"Why should I be?"
Hunter hesitated. Though Charles and Tony had seemed to believe him about the girls being abducted - and had talked about attempting a rescue - they still didn't trust him very much.
"I just hope he's all right," Hunter said.
"Why wouldn't he be?" Charles had a sharpness in his voice. "Is someone up there?"
"No. Not really."
"Not really?"
"I mean no," Hunter said. "Nobody's up there. You went upstairs. You didn't see anyone, did you?"

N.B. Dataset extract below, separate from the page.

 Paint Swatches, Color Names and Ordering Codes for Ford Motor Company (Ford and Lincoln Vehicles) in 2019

"Plenty of places to hide. If you've got a... an accomplice or something upstairs..."
"I don't."
Charles tipped back his head and frowned up the stairway. "Tony!" he shouted.
No answer came.
"TONY?" he shouted again.
When silence answered this shout, too, Charles lowered his eyes to Hunter and raised the sword off his shoulder. "What's going on?"
"I don't know."
He saw the look in Charles's eyes.
"I don't!" he insisted. "But some weird stuff happened up there with Eleanor. She got... she almost got hanged, but nobody was there."
"What're you...?"
"It was like someone invisible put a cord around her neck and he was dragging her across the floor with it."
"But no one was there?"
"T know it sounds..."
"Old man Witherspoon?"
"I don't... no, it wasn't anybody. Nobody was there."

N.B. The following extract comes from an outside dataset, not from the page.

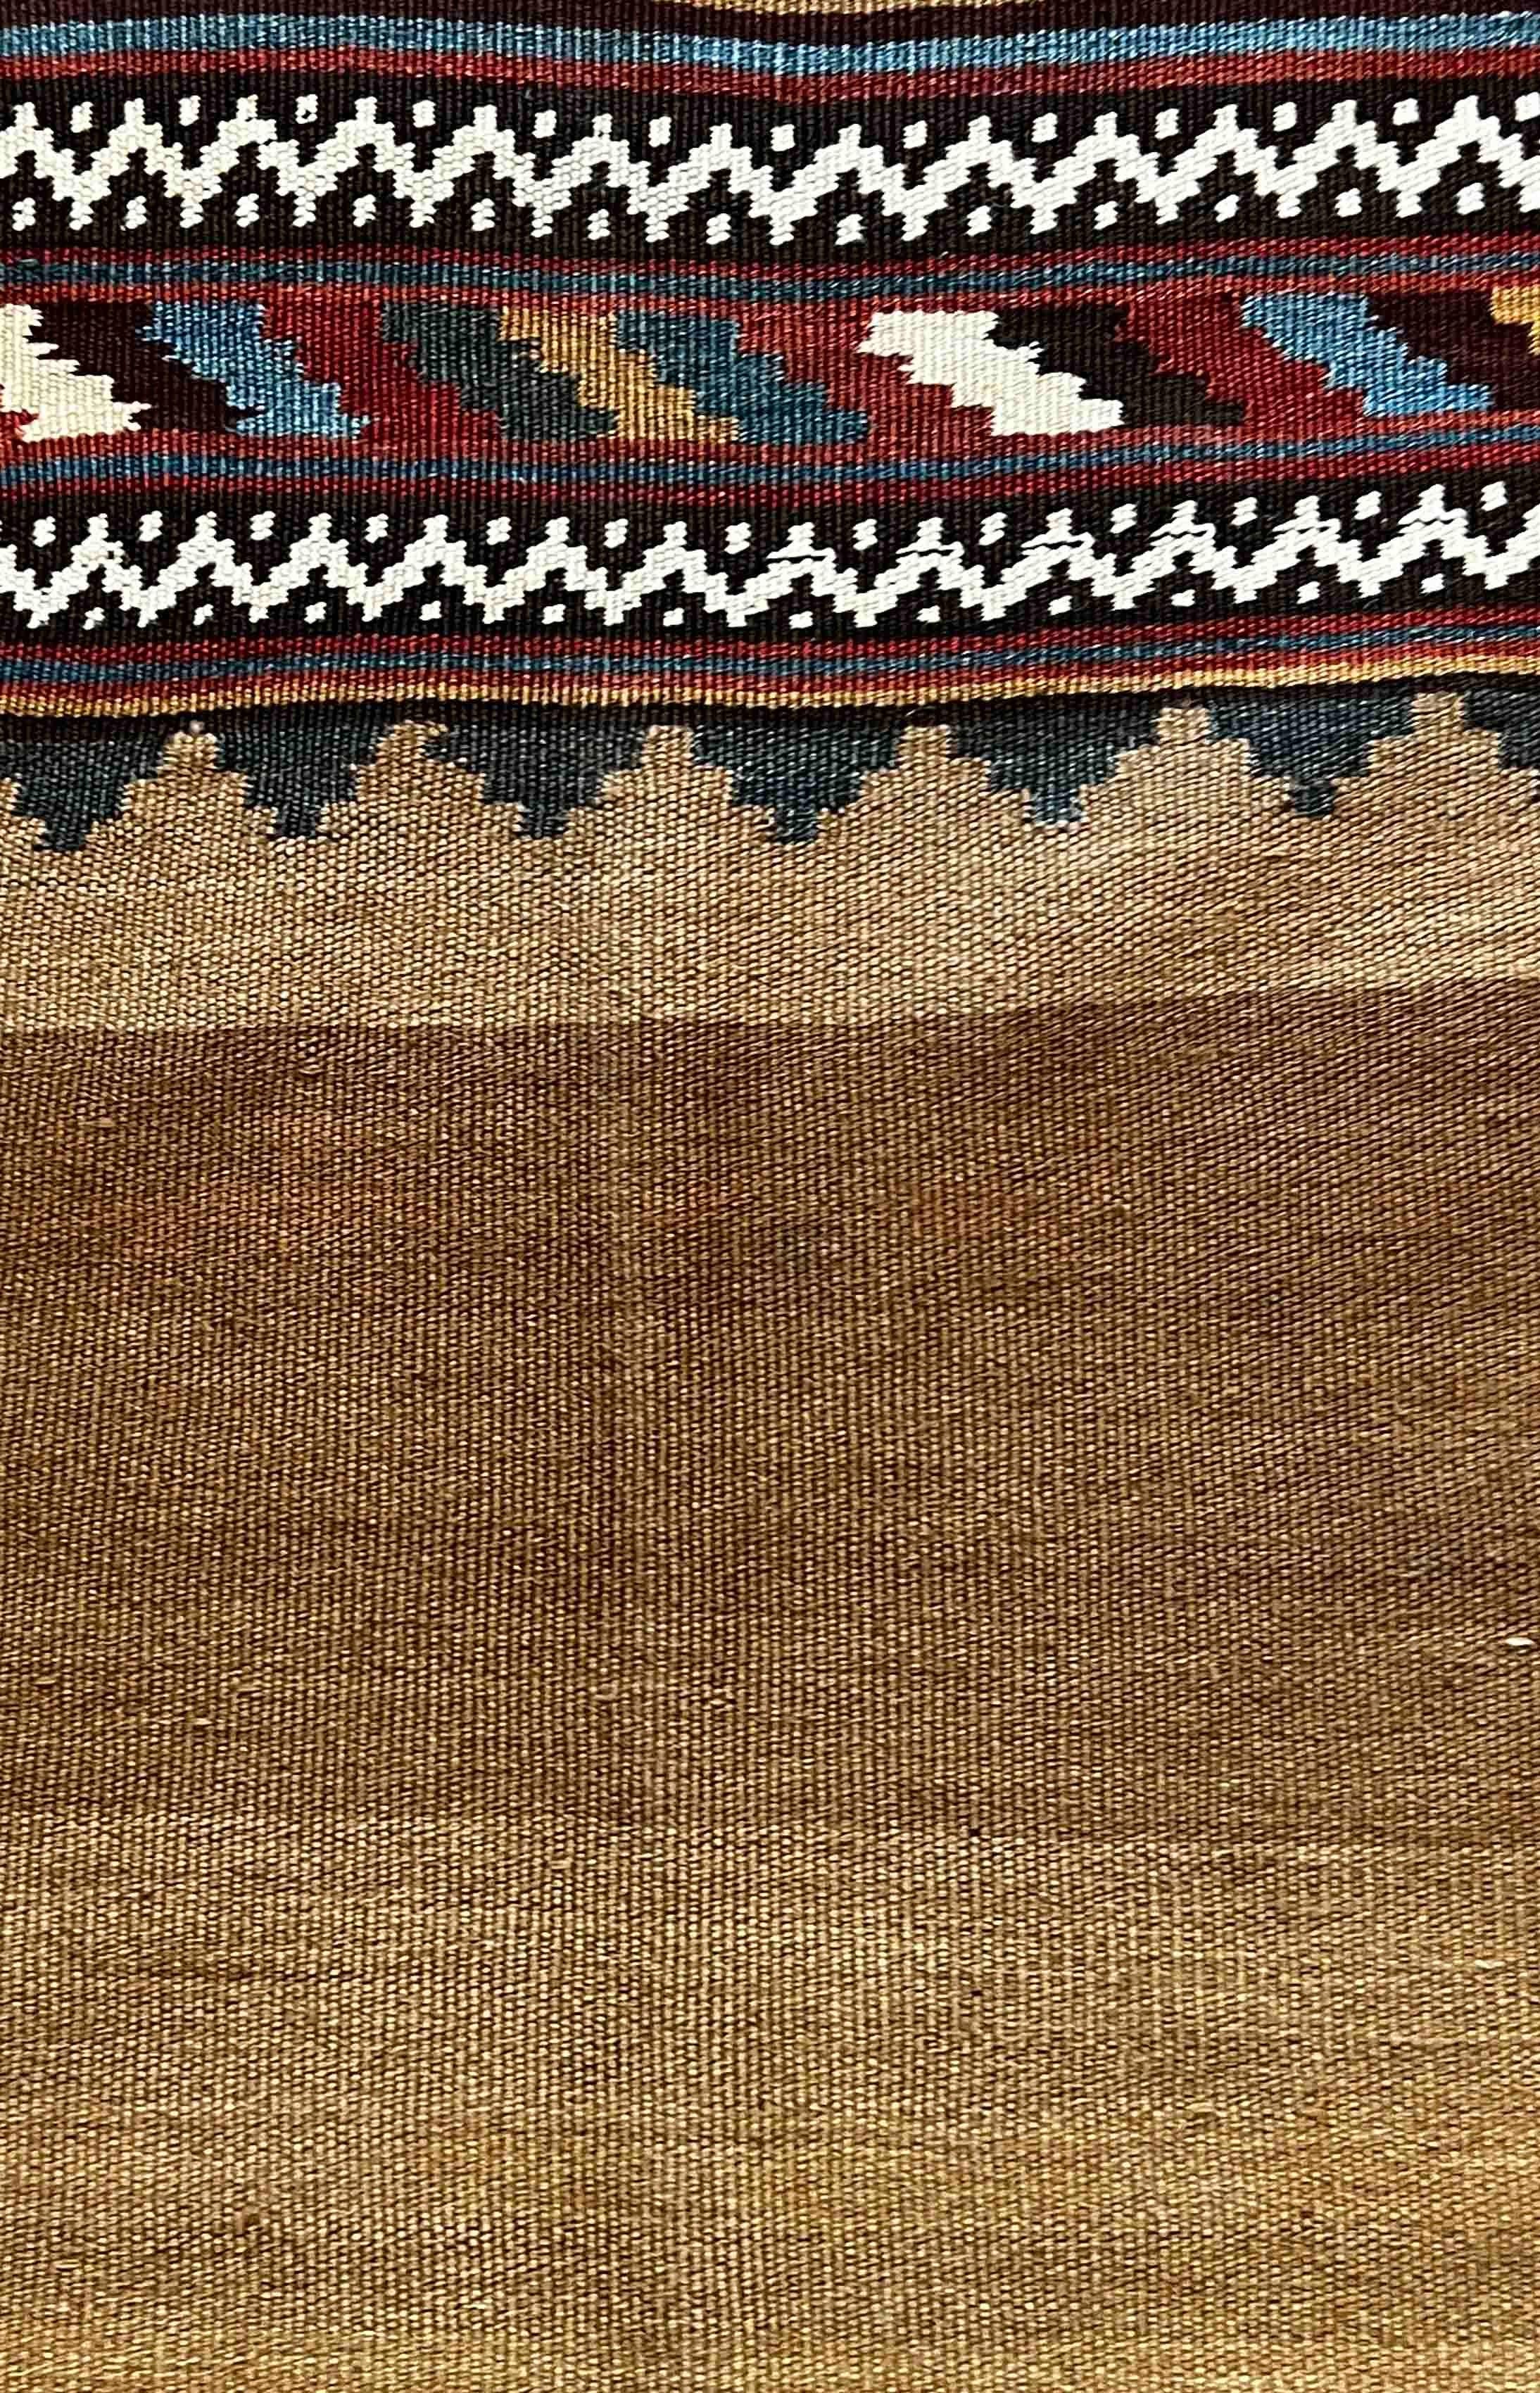 Sofreh Kilim Rug 19th Century - 165x120 - No. 702 In Excellent Condition For Sale In Paris, FR

"He's supposed to be a ghost," Charles explained.
"Huh?"
"I don't know. Shit. Laura and Shannon, they say they've got these ghosts. But... TONY!" he shouted.
Again, no answer.
Gazing up the stairway, Charles muttered, "Shit."
"Can ghosts hang people?" Hunter asked.
"How do I know? No. They've never done anything to Laura or Shannon... scared 'em a few times... if they even. thought maybe the gals were pulling our legs... TONY!"

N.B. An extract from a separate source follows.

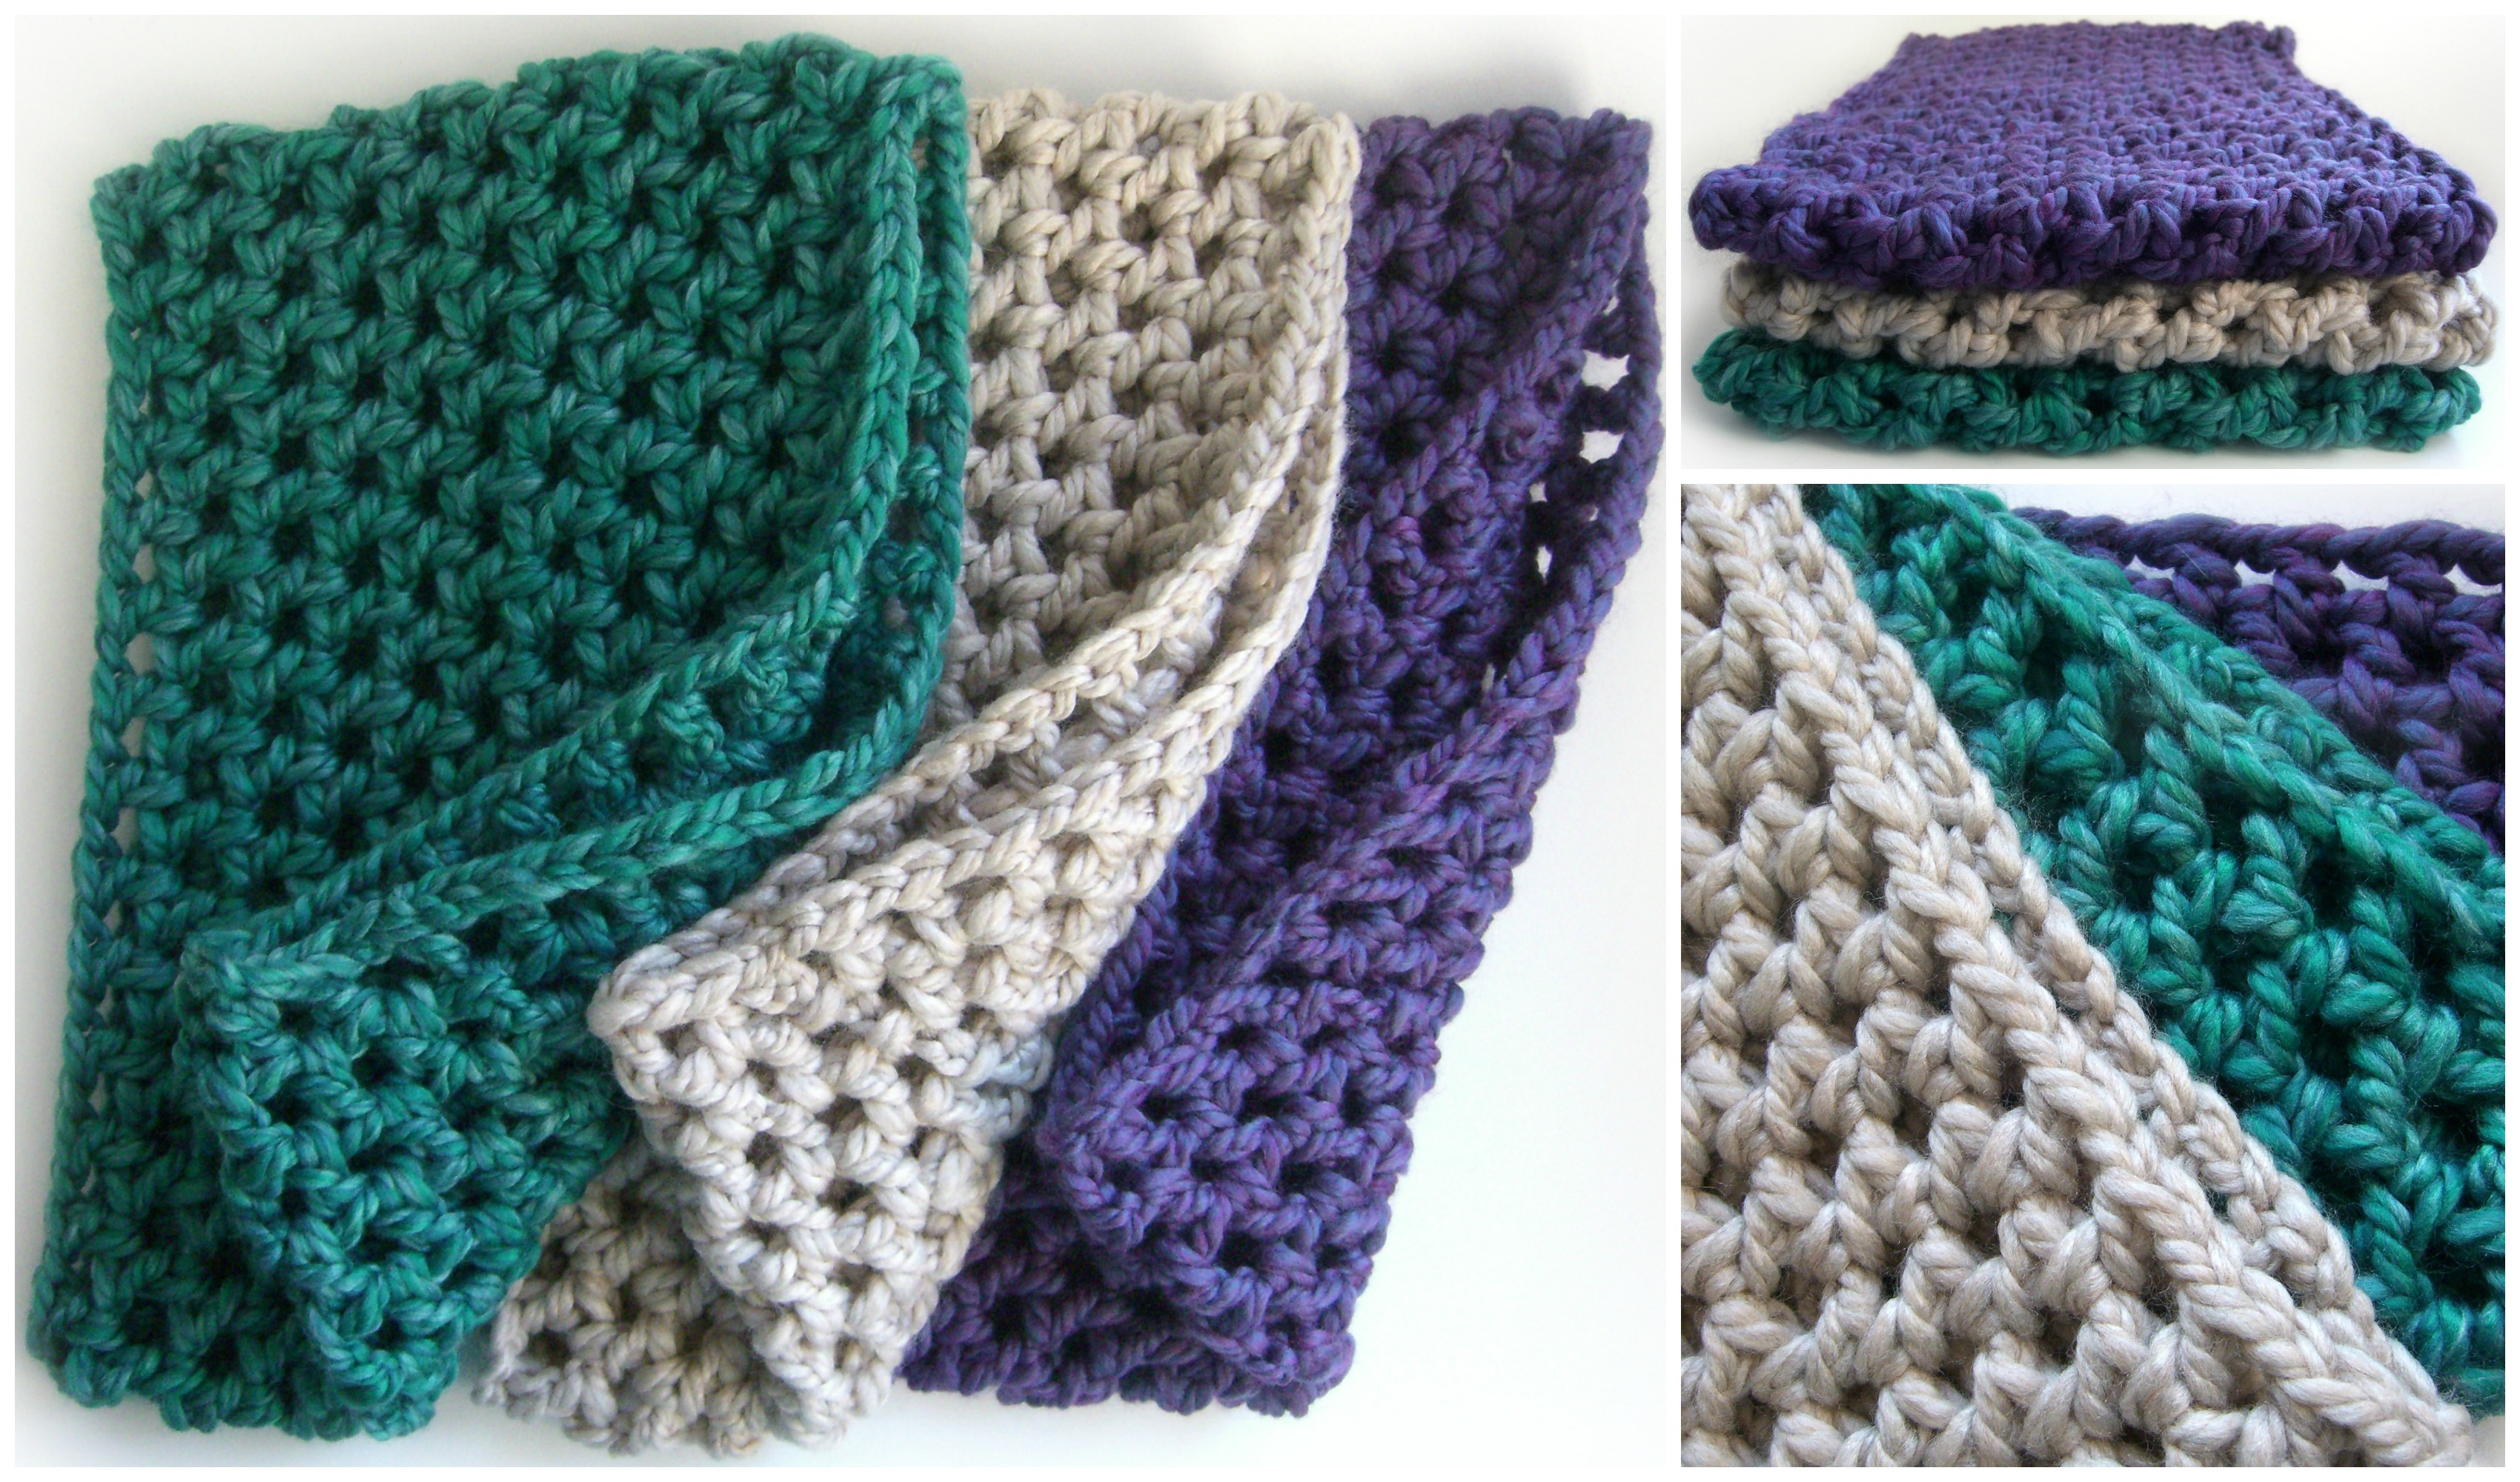 Easy One Skein Crochet Patterns Crocheted Cowls For The Family Hookabee

Gripping the banister, Hunter rose to his feet. "We'd better go up and look."
Charles glared at him. "Is this some kinda trick?"
"I wish."
"I don't know if we oughta go up there. TONY! DAMN WHAT'S GOING ON? ARE YOU OKAY? ANSWER ME, DAMN IT!"
Tony didn't answer.
"I'll go up," Hunter said.
"You're supposed to stay here."
"Give me the sword."
"No." Raising it high, Charles backed away from the stairs, "You've got your knife. I'll keep the sword."
"You coming?"
"Yeah. Okay. But you go first."
Pulling Eleanor's knife from its sheath, Hunter raced up the stairs. He stopped at the top. Stopped and looked around.
Charles, halfway down, asked, "What're you doing?"
The hallway was dark. So was every doorway. The lights in every room seemed to be off.
"Where was he going?" Hunter asked.
"Shannon's bedroom."
"It's dark," he said. "They're all dark. There were lights on when I was up here before."
"When I came up, too," said Charles. "I think almost every room was lighted."
"You didn't turn any off?"
"No."
Remaining at the top of the stairs, Hunter called out, "TONY?"
He stood motionless and listened. He heard only the sounds of the old house creaking, the sounds of the wind sighing and howling outside.
And the pounding of his heart.
No reason to be scared, he told himself. Whatever it is, I've dealt with it before. I saved Eleanor and it didn't hurt me. It let both of us go.
From halfway down the stairs, Charles said in little more than a whisper, "Shannon's room's the second doorway from..."
"I know where it is."
He took a deep breath, slowly exhaled, then stepped around the banister and walked down the dark hall to Shannon's room.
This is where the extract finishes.